From: Phillips, Addison <addison@amazon.com>
Date: Tue, 18 Nov 2008 16:36:59 -0800
To: "public-i18n-core@w3.org" <public-i18n-core@w3.org>
Message-ID: <4D25F22093241741BC1D0EEBC2DBB1DA01527D6A69@EX-SEA5-D.ant.amazon.com>

All,

Following is my proposed response on CharMod-Norm. Comments please.

Addison

<quot>
That clears up my confusion. But it also means that the current draft
does not satisfy the requirements of XACML. Instead I will write like
this in a section on unicode issues:
</quot>

That's correct. Your text isn't quite correct yet. Here's your proposal:

--8<--
In Unicode it is possible to represent some letters by different
character sequences. The process of converting Unicode strings into
canonical character sequences is called normalization. An operation is
normalization-sensitive if its output(s) are different depending on the
state of normalization of the input(s); if the output(s) are textual,
they are deemed different only if they would remain different were they
to be normalized. (Quoted from
[http://www.w3.org/TR/2005/WD-charmod-norm-20051027])

For more information on normalization see
[http://www.w3.org/TR/2005/WD-charmod-norm-20051027].

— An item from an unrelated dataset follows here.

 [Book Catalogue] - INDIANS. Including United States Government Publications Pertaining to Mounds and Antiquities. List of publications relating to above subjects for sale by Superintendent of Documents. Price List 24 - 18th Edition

An XACML implementation MUST NOT perform any normalization-sensitive
operations unless it has ensured that the inputs are normalized. An
XACML implementation MUST behave as if each normalization-sensitive
operation normalizes the string into Unicode normalization form NFC. An
implementation MAY use some other form of internal processing as long as
the externally visible results are identical to this specification.
--8<--

I would propose something more like:

--
In Unicode, some equivalent characters can be represented by more than one different Unicode character sequence. See [http://www.w3.org/TR/CharMod]. The process of converting Unicode strings into equivalent character sequences is called "normalization" [http://www.unicode.org/reports/tr15]. Some operations, such as string comparison, are sensitive to normalization. An operation is normalization-sensitive if its output(s) are different depending on the state of normalization of the input(s); if the output(s) are textual, they are deemed different only if they would remain different were they to be normalized.

For more information on normalization see
[http://www.w3.org/TR/2005/WD-charmod-norm-20051027].

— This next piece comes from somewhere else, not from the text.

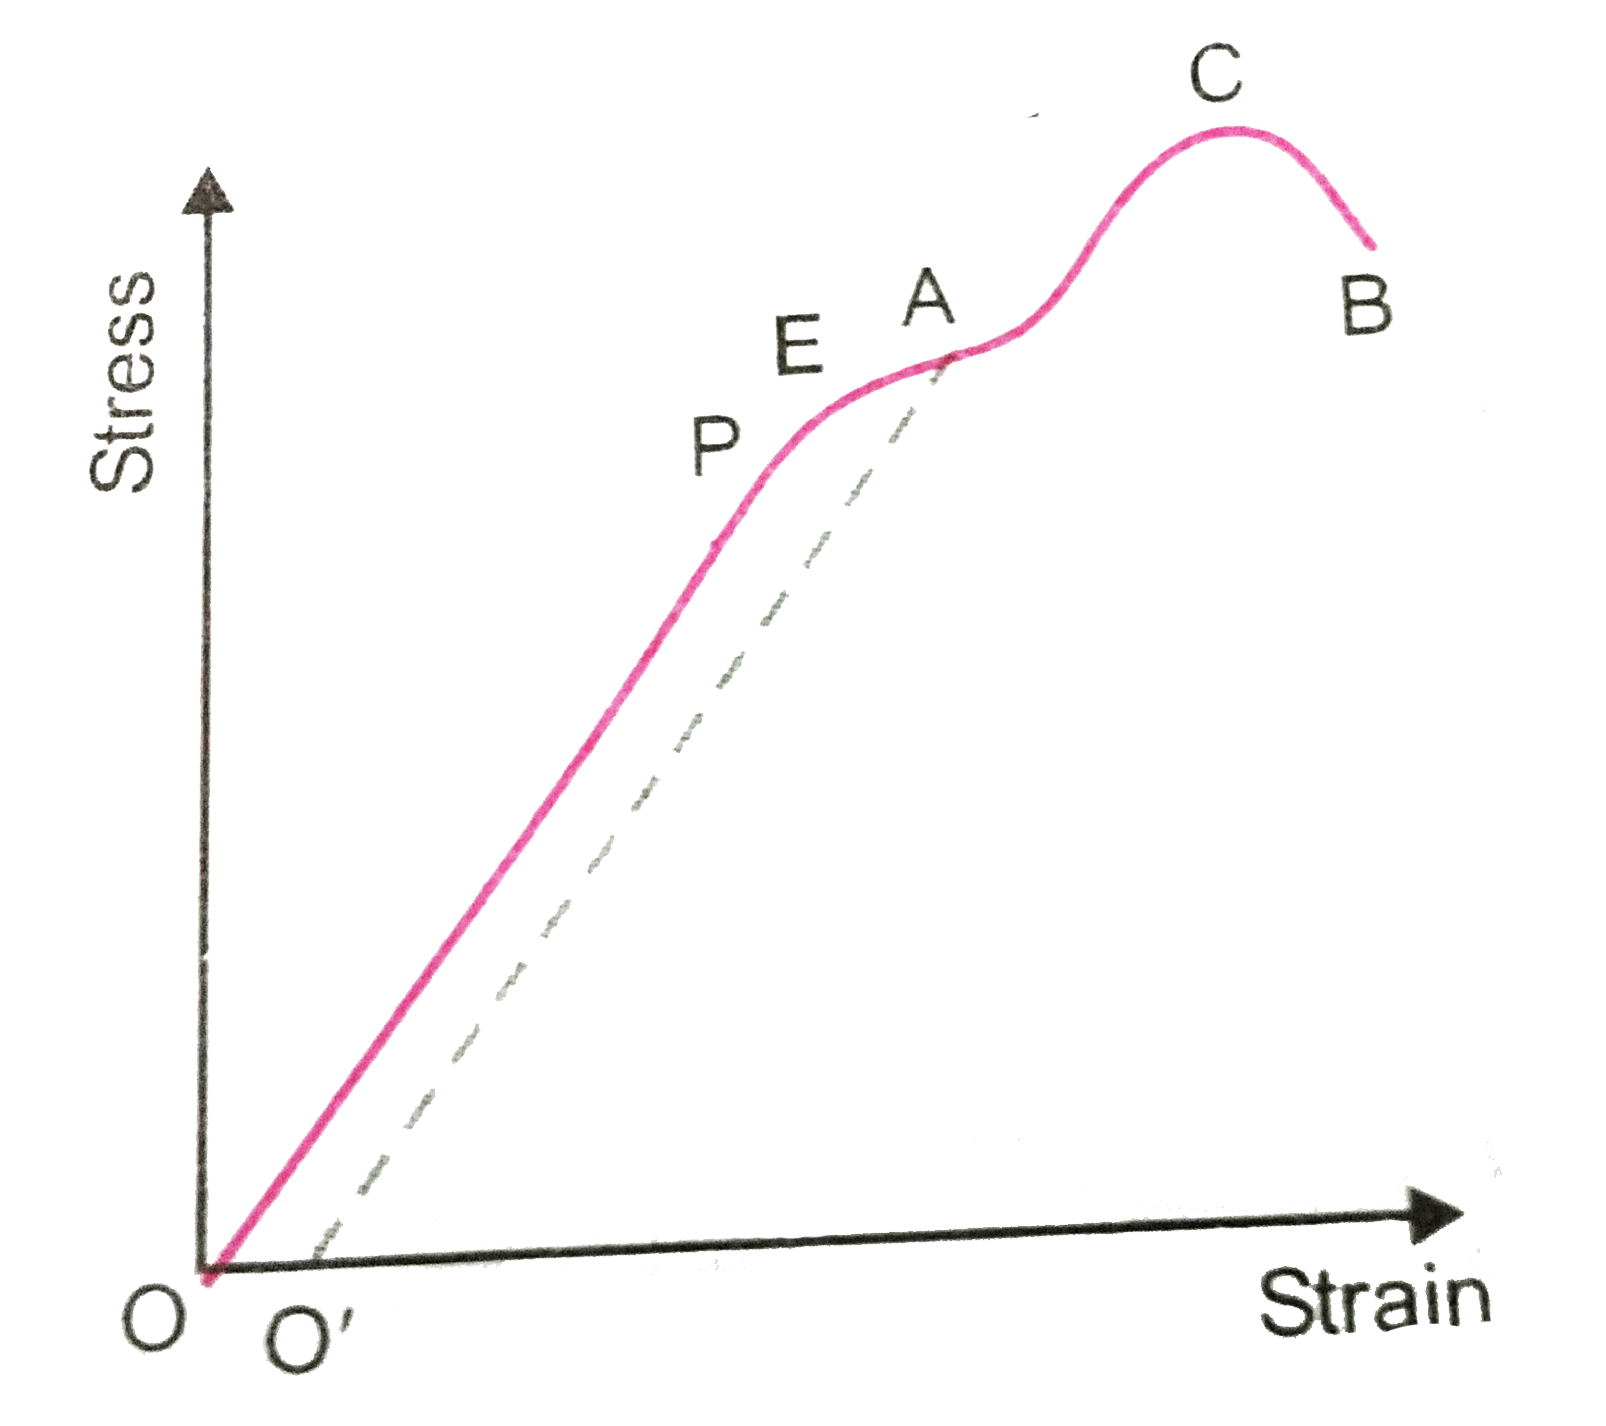 The stress strain graph for a metal wire is shown in the fig. Up to the point E, the wire returns to its original state O along the curve EPO, when  it is gradually unloaded. Point B corresponds to the fracture of the wire.      (a) Up to what point on the curve is Hooke's law obeyed? (this point some times called proportional limits).   (b) Which point on the curve corresponding to elastic limit or yield point of the wire?   (c ) Indicate the elastic and plastic regions of the stress-strain graph.   (d) Describe what happens when the wire is loaded up to a stress corresponding to the point A on the graph and then unloaded gradually. In particular explain the dotted curve.   (e) What is peculiar about the portion of the stress- strain graph from C to B? Up to what stress can the wire be subjected without causing fracture?

An XACML implementation MUST behave as if each normalization-sensitive
operation normalizes input strings into Unicode Normalization Form C ("NFC"). An
implementation MAY use some other form of internal processing (such as using a non-Unicode, "legacy" character encoding) as long as
the externally visible results are identical to this specification.
--

Later you note:

<quot>
For our string equility function I will write "The two strings are
equal, if they result in identical binary sequences when encoded into a
common Unicode encoding form".
</quot>

This isn't complete. It should probably say instead:

--
The two strings are equal, if they are composed of identical code point sequences when normalized to Unicode Normalization Form C.
--

It is true that two binary-identical strings in the same encoding are equal. However, some strings that are not binary identical are still 'equal', even when the same character encoding is used.

<quot>
One question though: Is it possible that there are some strings which
cannot be normalized into NFC? If so, we need to define error behavior
where this can occur.
</quot>

This can never occur. All strings can be normalized to NFC.

I hope this helps. Please don't hesitate to contact our WG or me for more feedback or information.

Best Regards,

Addison

Addison Phillips
Globalization Architect -- Lab126
Chair -- W3C Internationalization Core WG

Internationalization is not a feature.
It is an architecture.

Received on Wednesday, 19 November 2008 00:37:43 UTC